Lokern virus

Virus classification
- (unranked): Virus
- Realm: Riboviria
- Kingdom: Orthornavirae
- Phylum: Negarnaviricota
- Class: Bunyaviricetes
- Order: Elliovirales
- Family: Peribunyaviridae
- Genus: Orthobunyavirus
- Species: Bunyamwera orthobunyavirus
- Virus: Lokern virus

= Lokern virus =

RNA virus

Lokern virus (LOKV) is a single-stranded, negative sense, tri-segmented RNA virus. It is a subtype of the Bunyamwera virus (BUNV) and closely related to the Main Drain virus (MDV). The virus is a natural reassortment that received its S and L segments from MDV while its M segment shows a relatively low percentage of nucleotide identity in relation to any other orthobunyavirus, suggesting it came from an unknown or extinct virus.

== Transmission ==
The primary form of transmission for LOKV is through mosquitoes. Multiple species of mosquitoes have been discovered with the ability to transmit the virus including Culex tarsalis, Aedes nigromaculis, Aedes melanimon, Culiseta inornata, and Culicoides variipennis. Other than mosquitoes, the virus has been found in horses, cows, and dogs in Mexico.

== Geography ==
Lokern virus has been found throughout Mexico and the western United States.
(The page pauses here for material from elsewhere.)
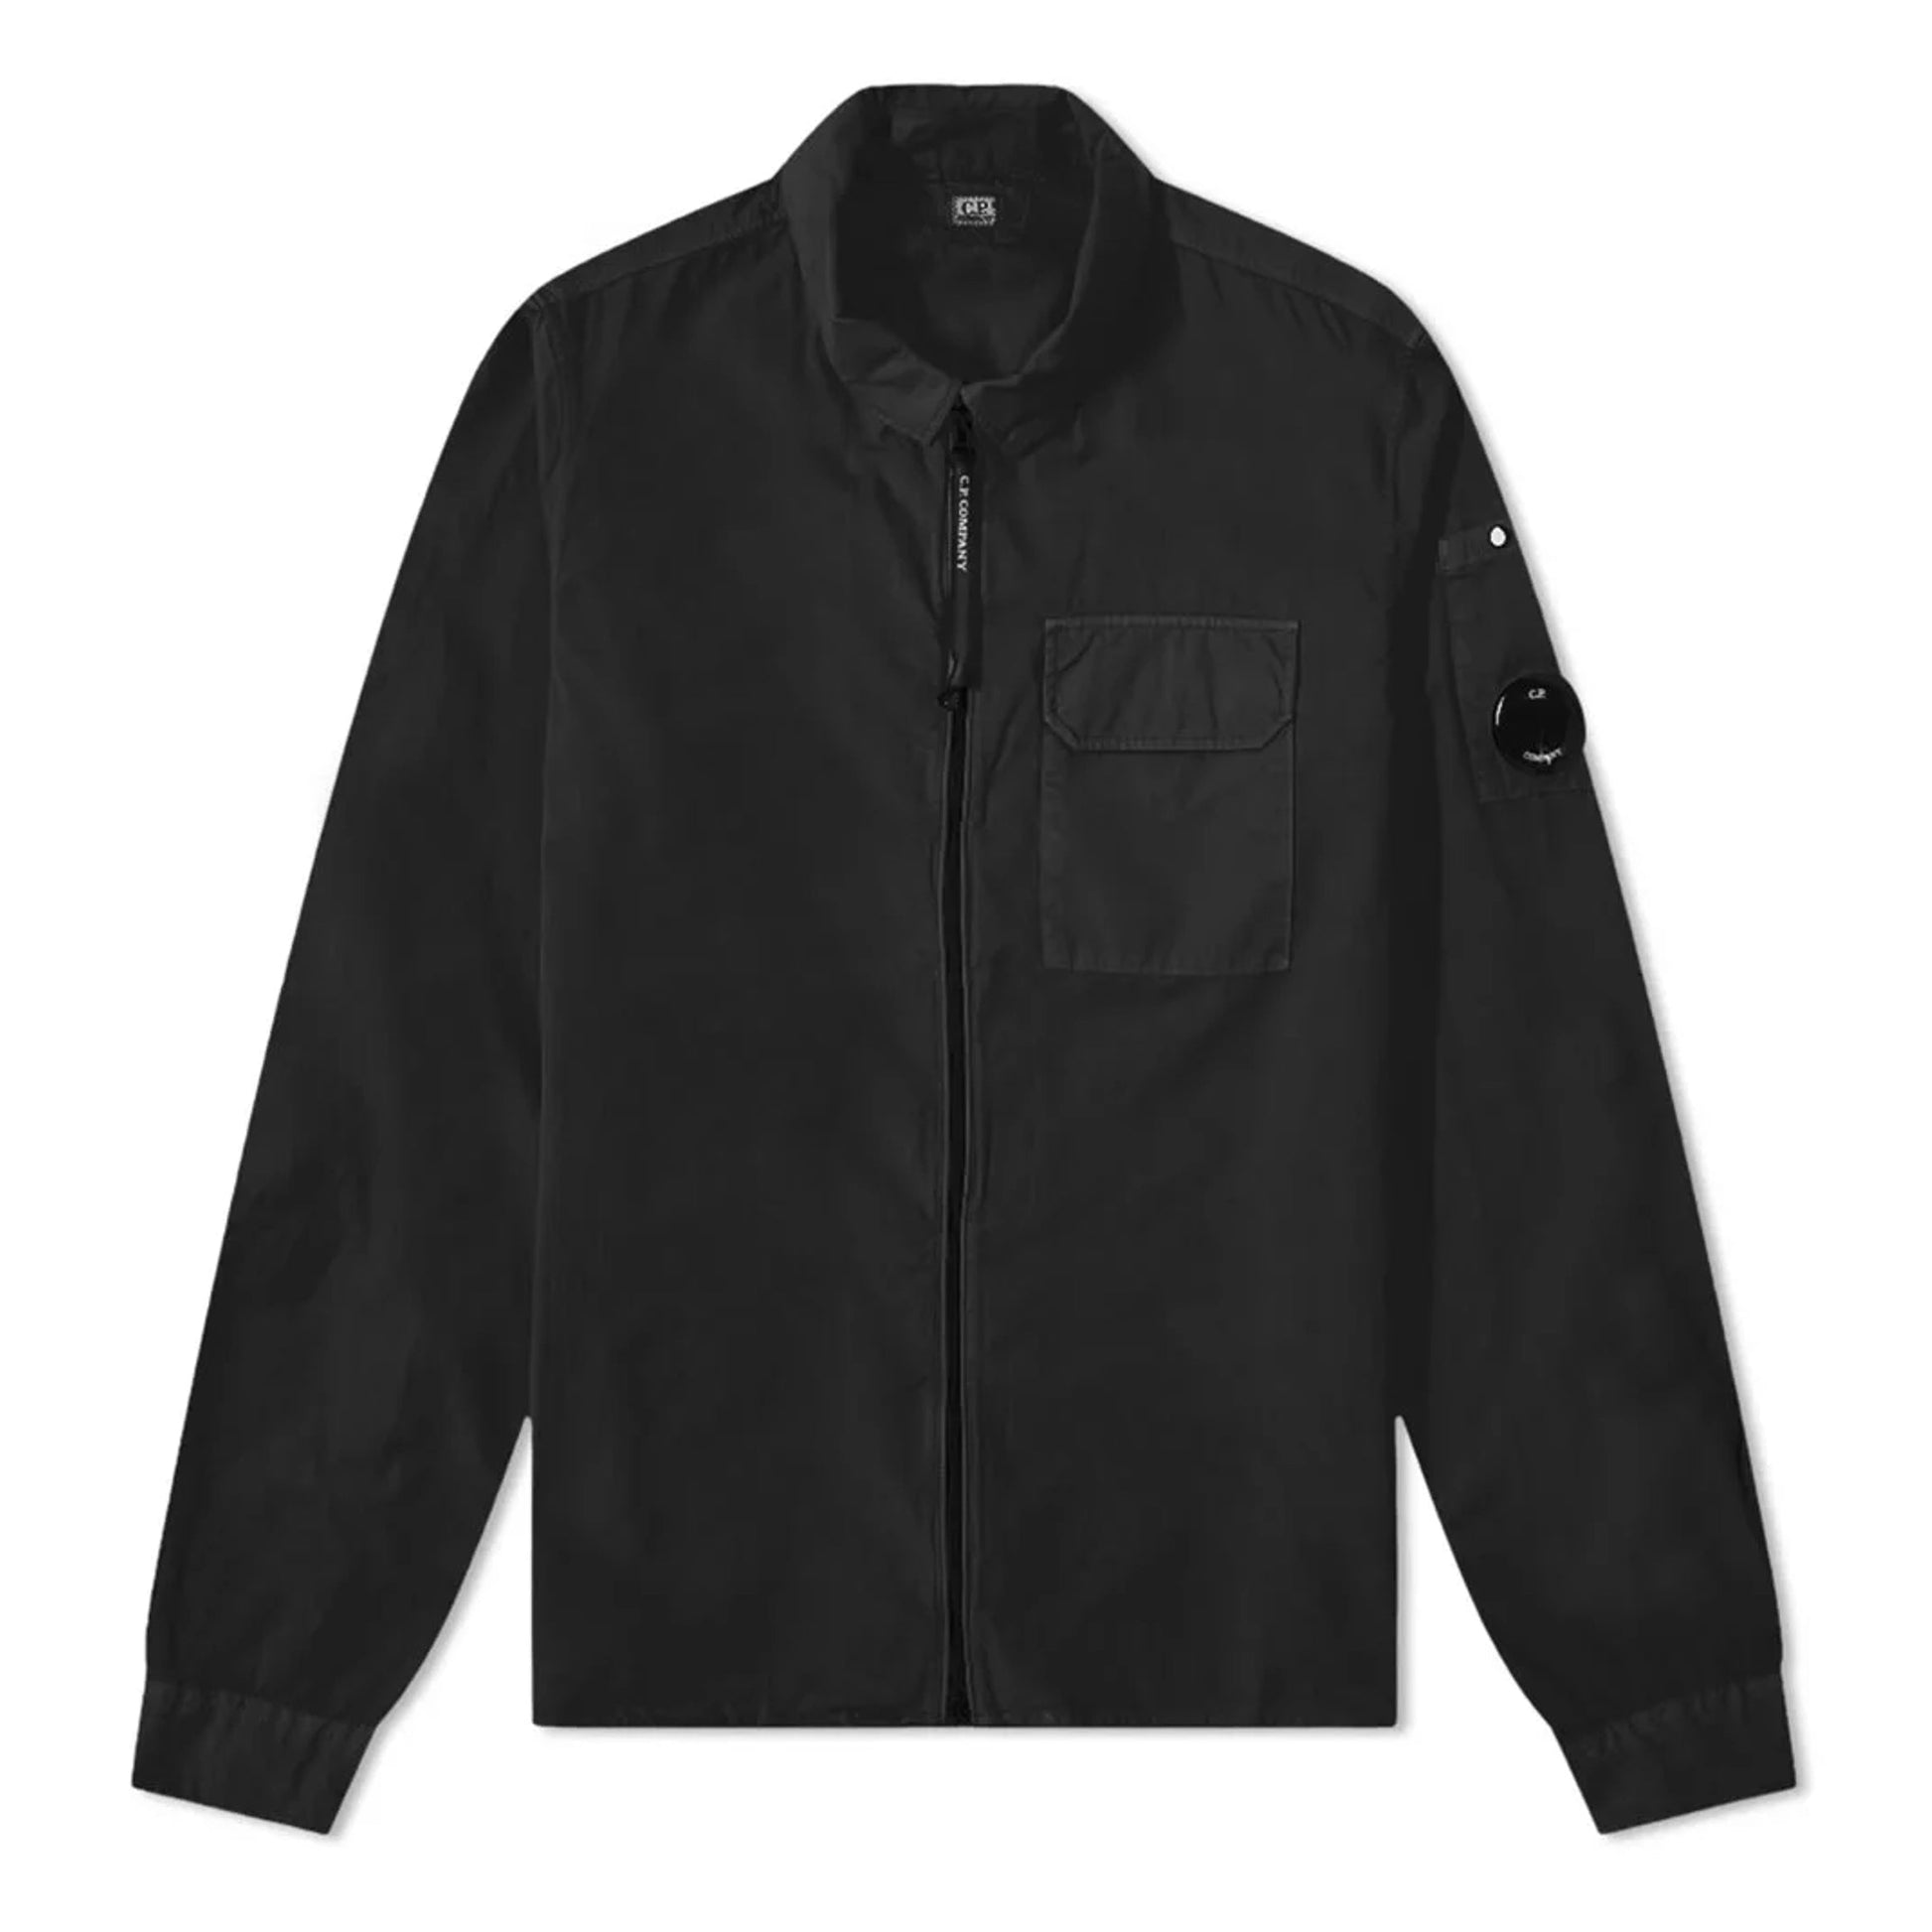 CP Company Zip Through Gabardine Overshirt - 999 Black - Escape Menswear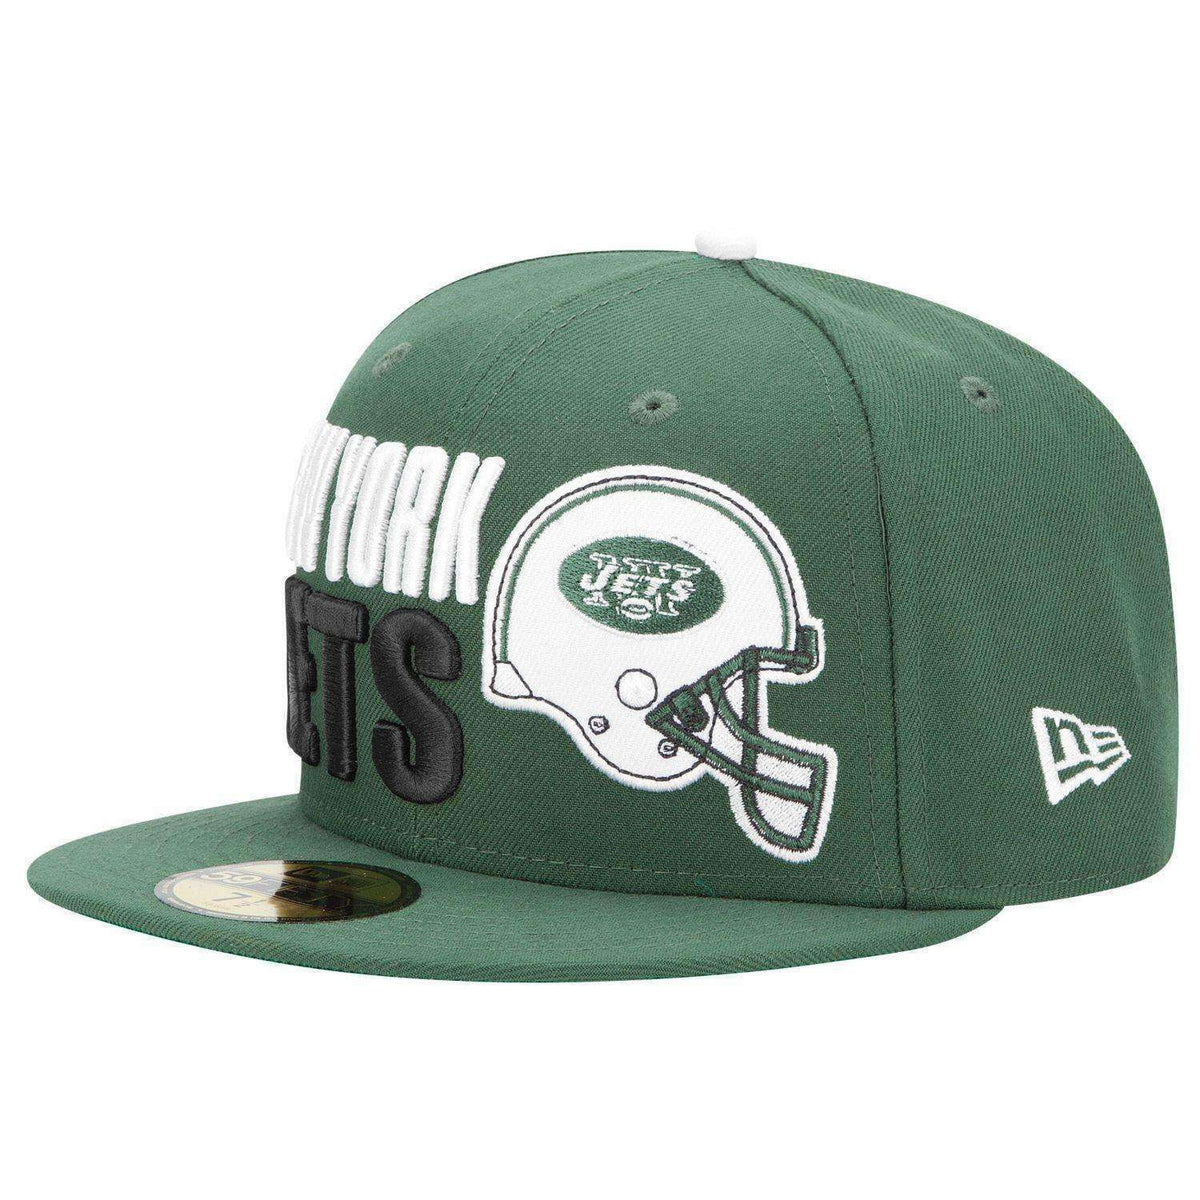 New York Jets Football Helmet New Era 59Fifty hat new with stickers NY –  Marvelous Marvin Murphy's

Additional isolates have been discovered in Texas and Colorado from mosquitoes and culicoides, respectively. Other states that have shown a presence of the virus include New Mexico and Utah. A study conducted in Mexico also found horses, cows, and dogs with lokern virus antibodies present.

== Effects in humans ==
The virus has been poorly studied and the effects of the virus on humans is currently unknown. Antibodies have been found within human patients that lived in the same area that the virus was discovered.

== History ==
Lokern virus was first isolated in 1962 by Robert P. Scrivani in California from Culex tarsalis mosquitoes.